Everything posted by Pri

  1. The only thing I would have changed is I'd have gone with 4x3.84TB or 4x7.68TB U.2/U.3 drives. And the reason being, I need more flash capacity. I have Mover set to move stuff quite quickly at the moment because well: I'm like this constantly. There is terabytes more data I want held in the cache for performance reasons and I'm often at the limit. I think I was at 97% the other day. These 2TB SSD's are great but I need more capacity. I still have a x16 slot unpopulated and two of these connectors on the board each of which can take 2 x U.2 or M.2 drives (with adapters). So I could potentially add 8 x U.2 drives total though I'm more likely to just buy 4. So that's probably what I'll change up next. The 980 Pro's are fast. I've managed to hit 18GB/s with kernel updates and other changes so they're not at all slouches, love the performance and the temperature characteristics but the capacity, 2TB per drive just wasn't enough. Endurance wise I'm not concerned as much, each drive is rated to 1.2PB so with 4 in RAID0 like I have now thats 4.8PB of write endurance. I think I've used 2% on each drive since I isntalled them just over a year ago. But capacity, I need more and I think U.2 enterprise drives are the way to go, the cost per TB is so much lower as you pointed out. Apart from that I don't think I'd change anything to be honest. I love the CPU and Motherboard, the RAM quantity was perfect for what I do, I'm happy with the 2 x 2TB SN850's which I'm using for VM's and Dockers in RAID1. Based on what I just said here I'd probably advise you to also go with U.2's if you need the capacity, consistent performance acros the whole drive or the high endurance.

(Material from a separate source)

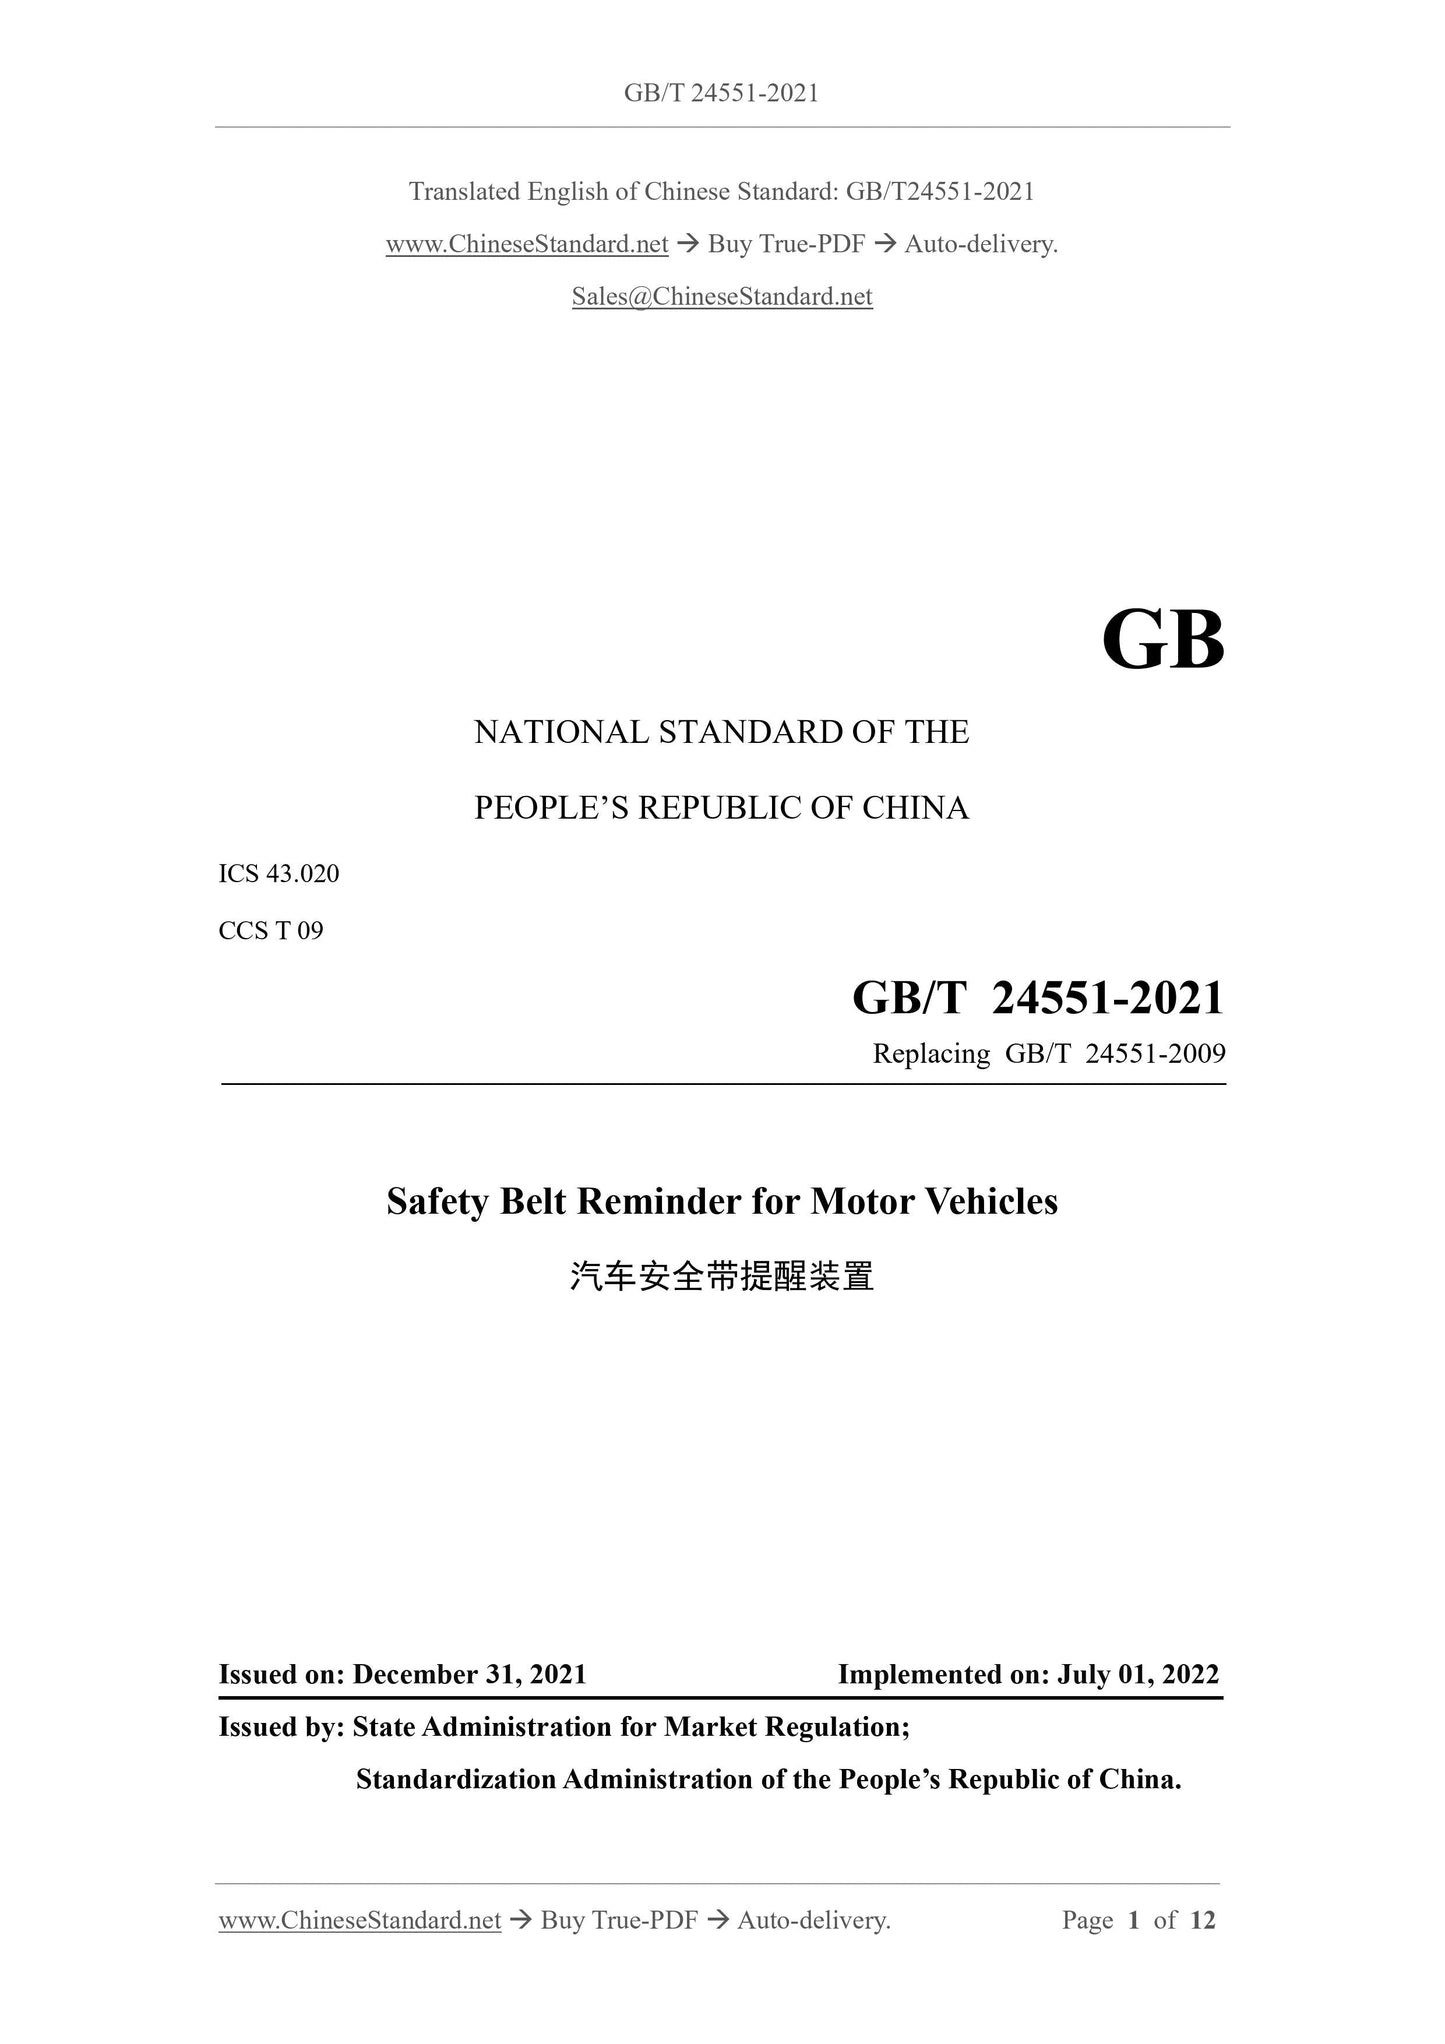 GB/T 24551-2021 Page 1
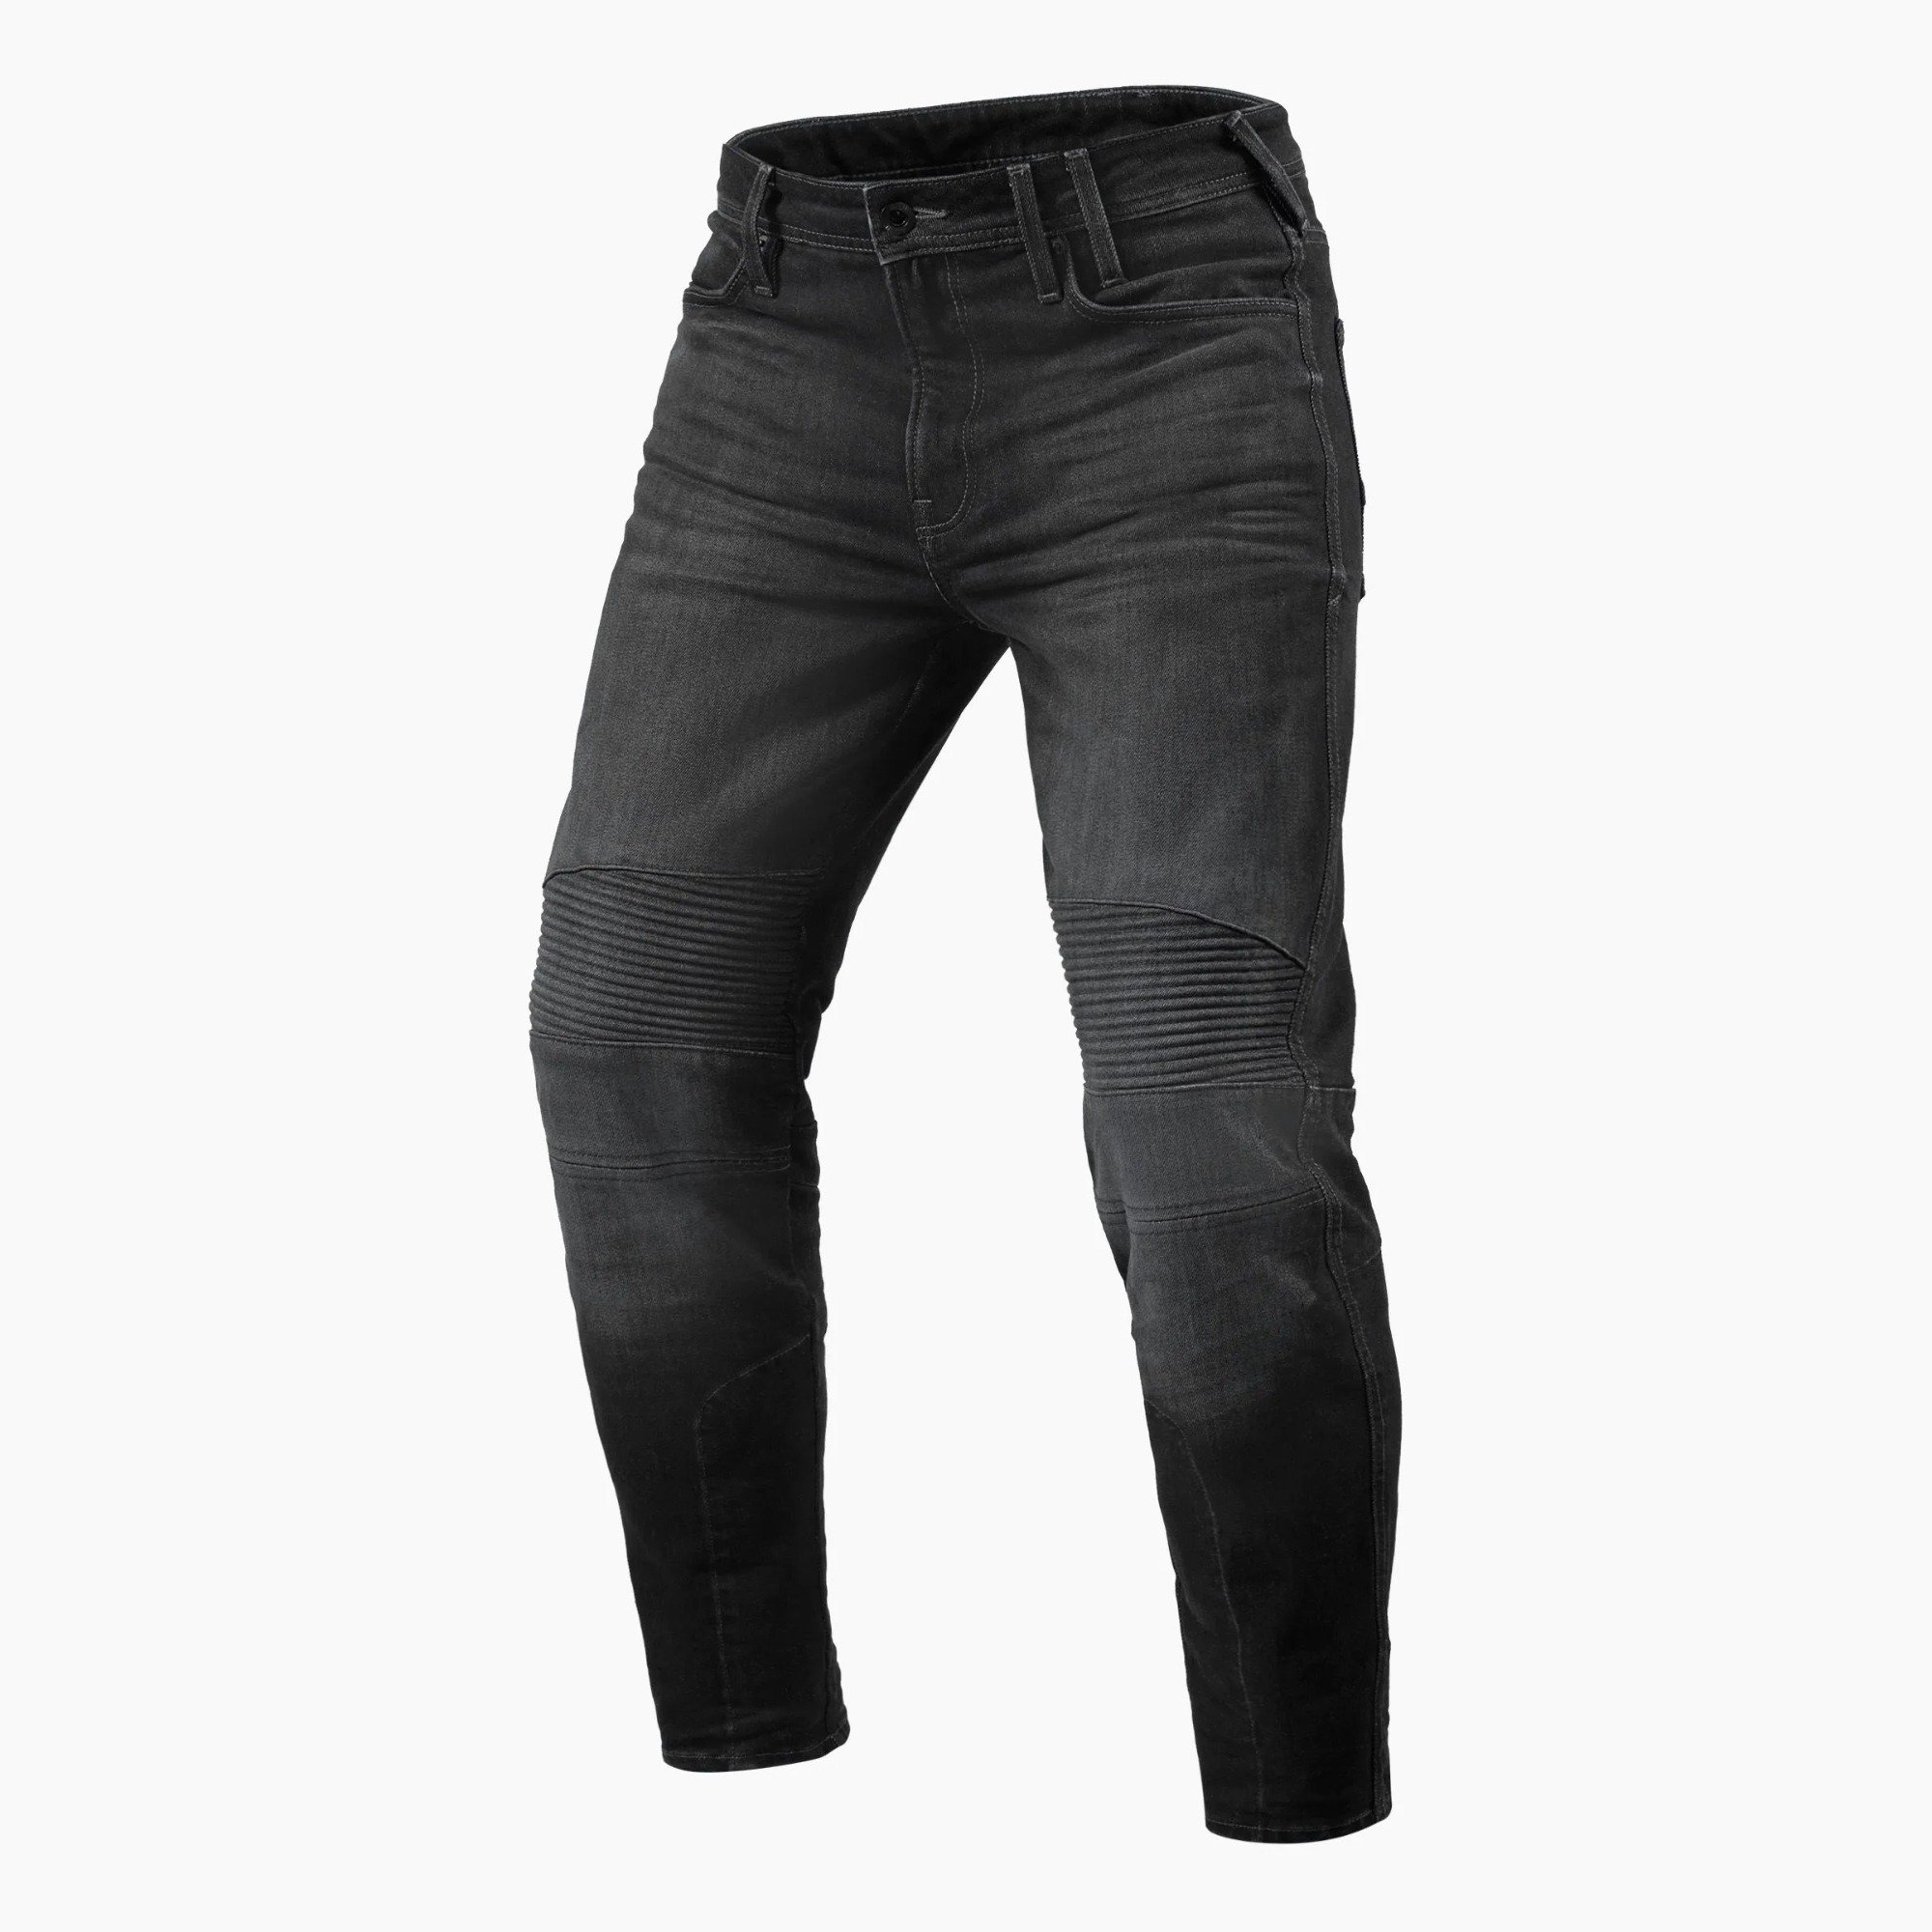 Image of REV'IT! Jeans Moto 2 TF Dark Grey Used Motorcycle Jeans Size L36/W33 ID 8700001337908

  2. I considered the same thing, to wait and get an RTX 4000 Ada 20GB instead or even buy one brand new. But when I looked at the situation codec wise. Everything I get 4K wise is H.265 whether it's 4K HDR or 4K SDR. Stuff I get that isn't 4K is H.264. There's no source of media I use that has AV1 files but if they did, the RTX A4000 can decode AV1, it just can't encode in it. But all the clients I need to transcode for either support H.264 or H.265. So it felt like a good fit. I think if I were to buy a newer card I'd want one with VVC (H.266) support which likely wont come until the next generation or even the one after that etc - That appears to be the codec that streamers will be settling on and the one to go mainstream, it's looking like AV1 will not make it big and in-fact some TV's at CES this year lacked AV1 support but had VVC support. Something to think about!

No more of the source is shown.